Why You’ll Love This Recipe
This dish is a fantastic option for busy nights when you need a healthy meal that’s both quick and delicious. The combination of ground chicken, zucchini, bell peppers, and tomatoes creates a balanced and satisfying meal. Not only is it full of nutrients, but it also comes together in one pan, saving you time on cleanup. Whether you’re meal prepping or feeding the whole family, this recipe will quickly become a go-to favorite!
Ingredients
- 1 pound ground chicken (or ground turkey or diced chicken)
- 2 large zucchini, diced
- 1 large bell pepper, diced (any color)
- 1 medium onion, diced
- 2 cloves garlic, diced
- 1 cup corn (fresh, frozen, or canned)
- 1 (14-ounce) can diced tomatoes, drained well
- 2 teaspoons Italian seasoning (or 1 teaspoon dried basil and oregano)
- 1 teaspoon salt
- 1/2 teaspoon ground black pepper
- 1 cup grated cheese (any variety, including parmesan)

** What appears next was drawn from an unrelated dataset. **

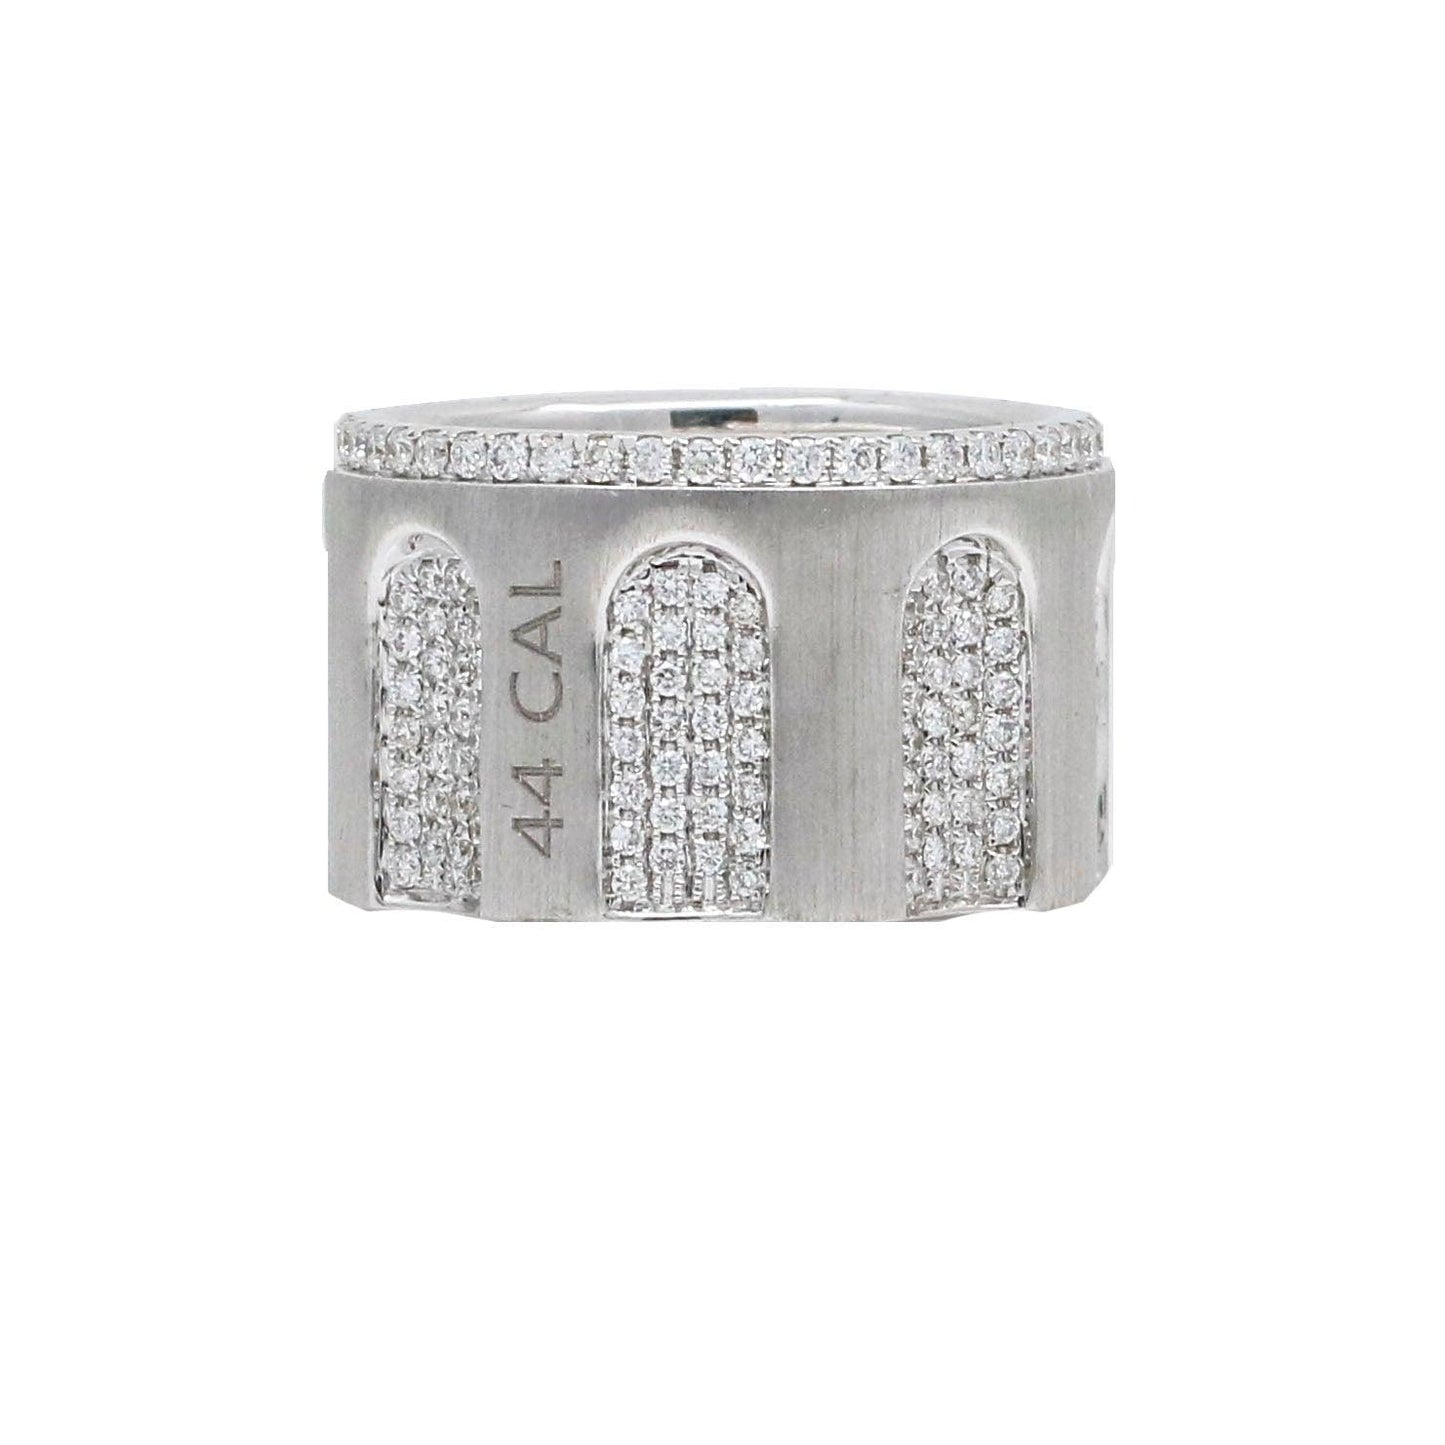 Caliber 44 Pave Diamond 14k White Gold Wide Band Ring (2.36 cttw) - 31 Jewels Inc.

(Tip: You’ll find the full list of ingredients and measurements in the recipe card below.)
Directions
- Heat a large skillet over medium-high heat. Add the ground chicken and cook until browned and cooked through, breaking it up into small pieces as it cooks. Drain any excess grease.
- Add the diced onion, bell pepper, and garlic to the skillet with the chicken. Sauté for 3-4 minutes until the vegetables are softened.
- Stir in the corn, drained diced tomatoes, and Italian seasoning (or basil and oregano). Simmer for a few minutes until everything is warmed through.
- Add the diced zucchini to the skillet and sauté for just 2-3 minutes until the zucchini is tender but not mushy.
- Taste and adjust the seasoning, adding more salt or spices as needed. If there’s excess liquid in the pan, spoon it out and discard.
- Sprinkle the grated cheese over the mixture, cover the skillet, and let it cook for an additional 5 minutes, or until the cheese is melted and bubbly.
- Serve immediately, optionally paired with rice or quinoa.
Servings and Timing
- Servings: 4
- Prep Time: 10 minutes
- Cook Time: 20 minutes
- Total Time: 30 minutes
Variations
- Different Protein: Swap the ground chicken for ground turkey or beef for a different flavor.
- Vegetarian Version: Omit the chicken and add extra veggies or beans for a hearty vegetarian meal.
- Cheese Variety: Use your favorite cheese—cheddar, mozzarella, or even feta—to vary the flavor.
- Add Heat: If you enjoy spicy dishes, add red pepper flakes or diced jalapeños to the mix for some extra heat.
Storage/Reheating
- Storage: Store any leftovers in an airtight container in the fridge for up to 3 days.
- Reheating: Reheat in a skillet over low heat until warmed through, or microwave in 30-second intervals until hot.
FAQs
How do I know when the chicken is cooked through?
The chicken should be no longer pink and should reach an internal temperature of 165°F (74°C).
Can I use frozen zucchini in this recipe?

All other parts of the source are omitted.